In the tragic end, the money, power and women, procured in that order, was the narrative that we might have aspired to 40 years ago. In this present time of social media facades leading a collective trend in mental fatigue, more than anything, it seems that the case for what will make our generation happy isn’t tangible or even guaranteed at all. With our fixation on numbers equating our worth all of this is semantics for a toxic supercharged ’80s revival. No? In the case of Tony Montana, he could not see past the confines of his ambitions and so his perspective was all jumbled up. His formula for success wasn’t sustainable because when he in fact got what he wanted he still couldn’t see the finish line and wanted to acquire more and more until eventually he had nothing, not even his health or his life. The difference between then and now is that the barriers to success are more flexible than the stiff-collared ’80s painting a grey area between rich and poor; happiness and disillusionment.

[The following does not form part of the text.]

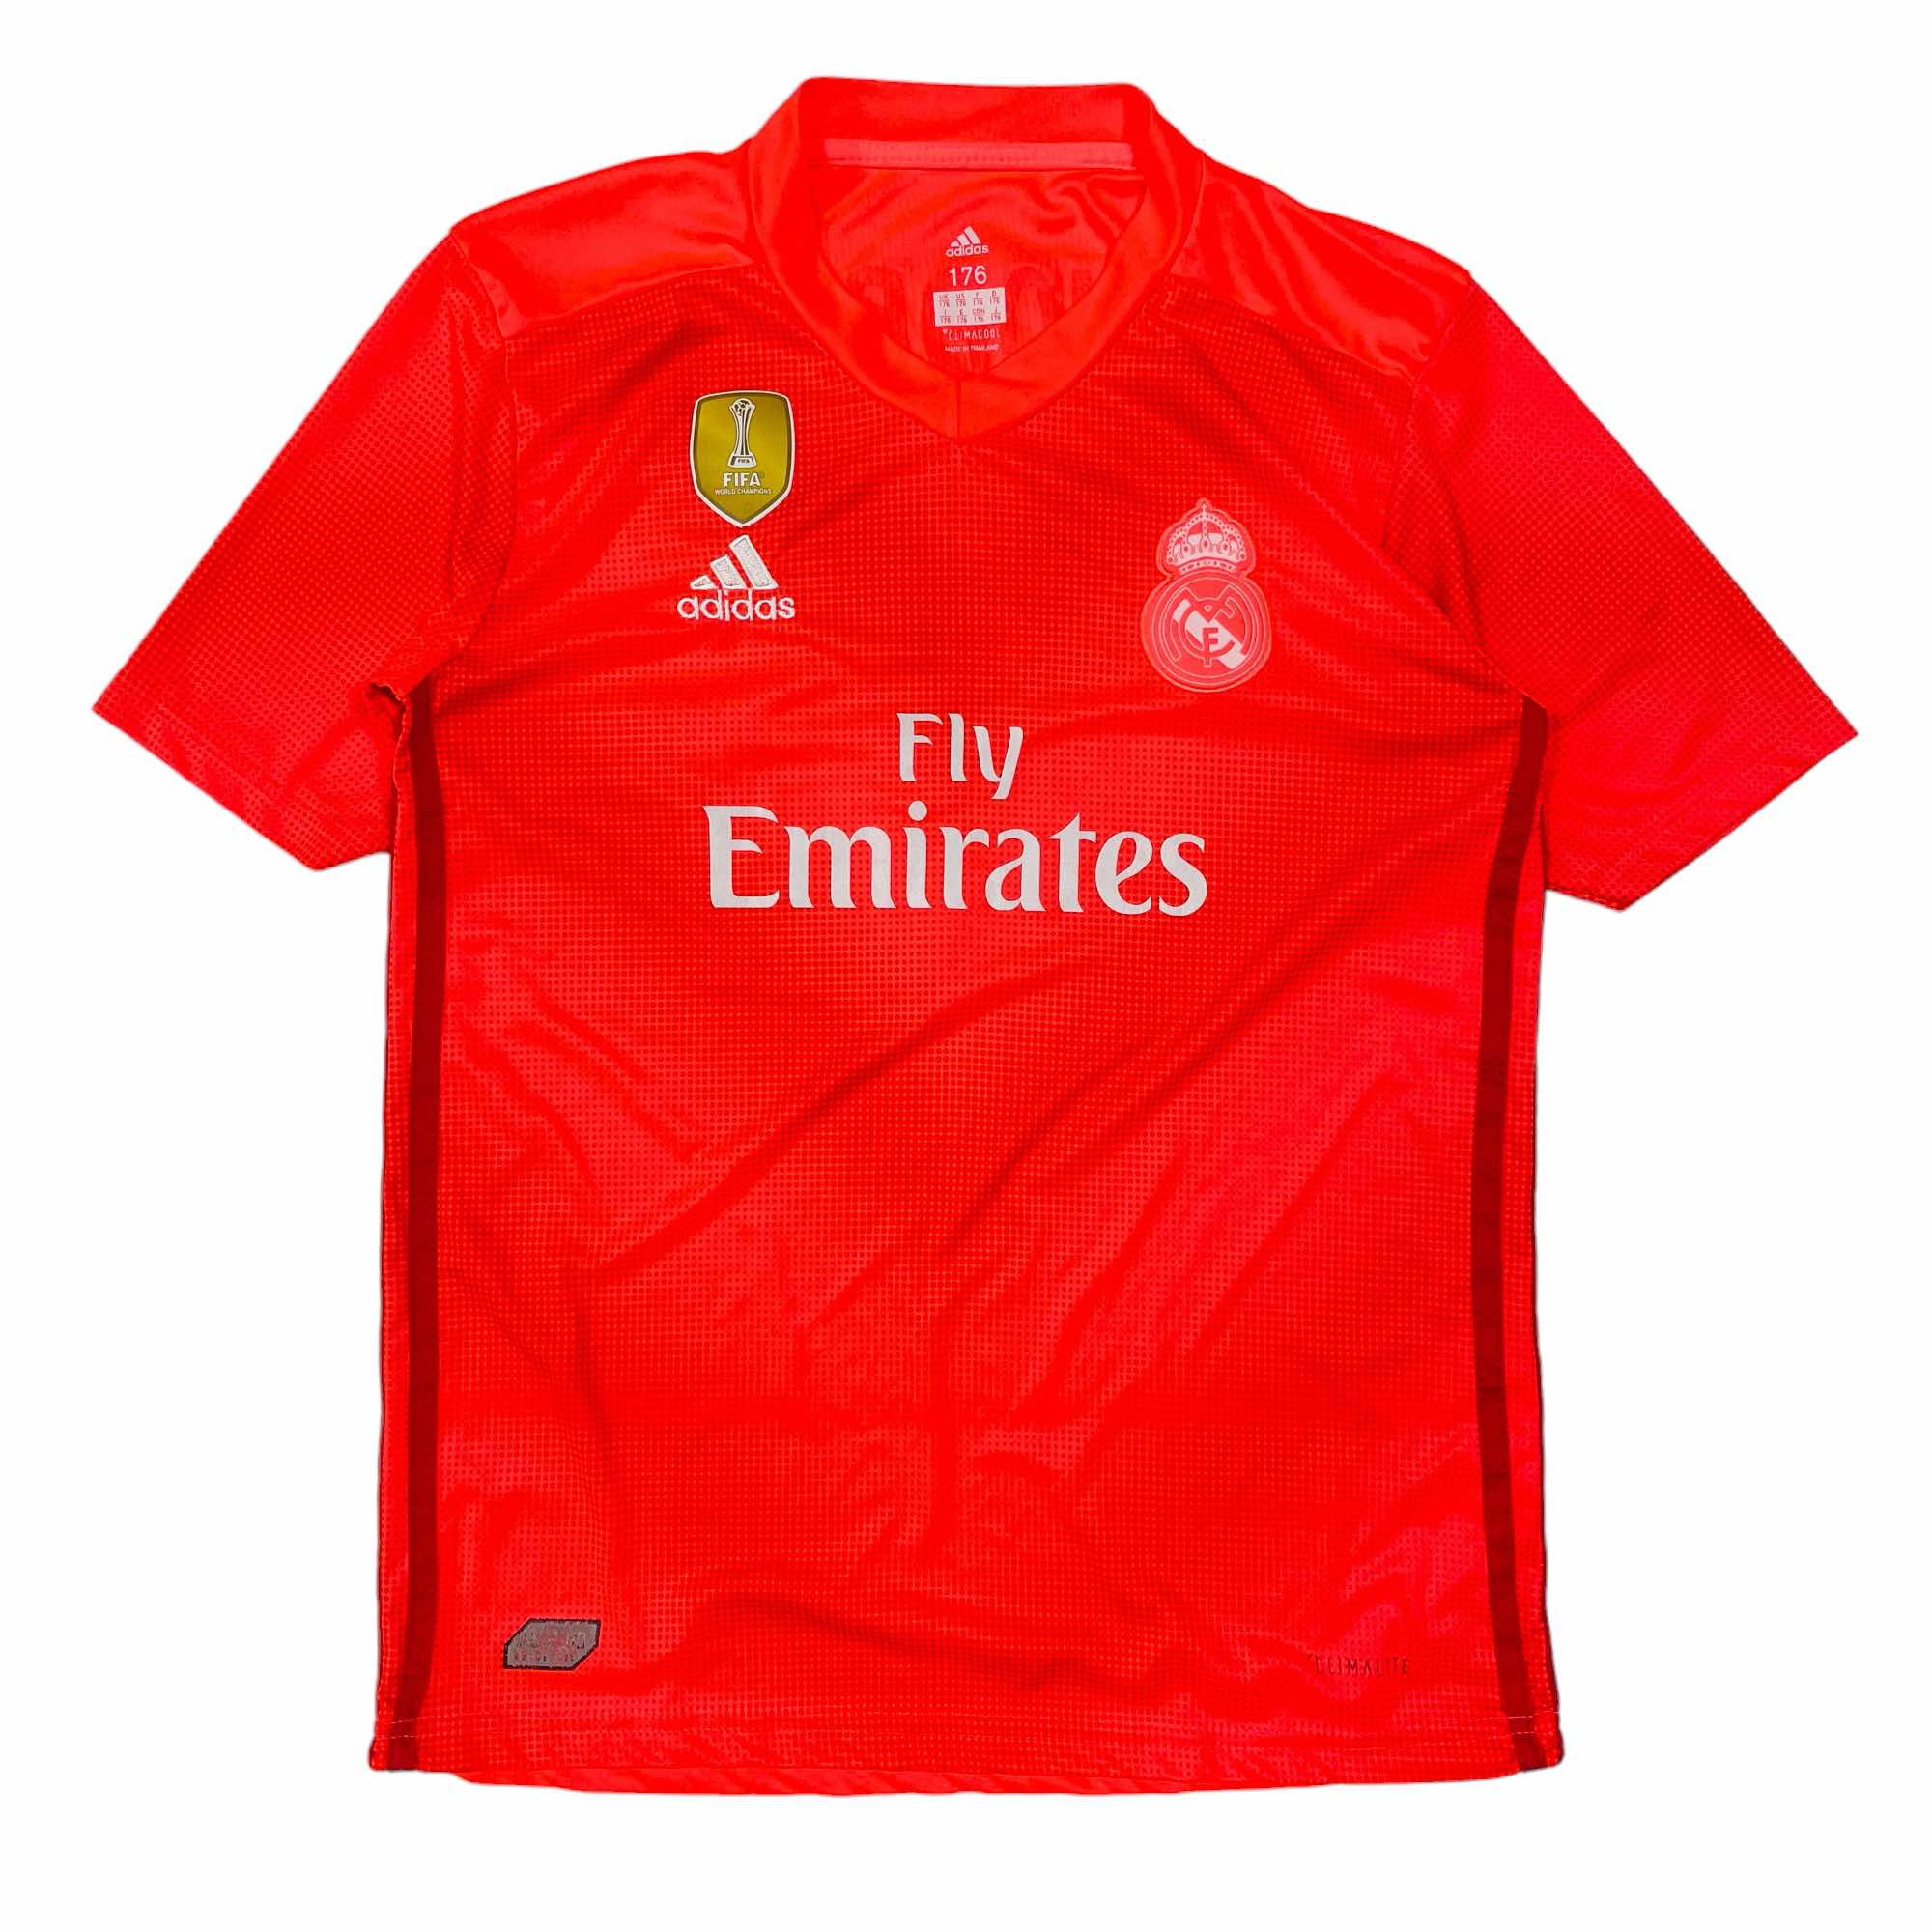 Real Madrid 2018/19 Nike Luka Modric Shirt - Small

I’ll still hold a torch for the ’80s: the fantasy of an All-American life free of inhibitions yet still living in the shadows of inequalities (America now?). 80’s America bred a society enjoying the leisure of limbo whilst feeding the pockets of greed, which explains why the decade swished by so quickly without a peep. Therefore, I’m only now discovering the delusions that existed during a time of “economic bliss”.
The 80s was unforgettable: it felt super positive and colourful but scratch the surface and you will see a different story unfold. The 80s’ to me remains an enigma.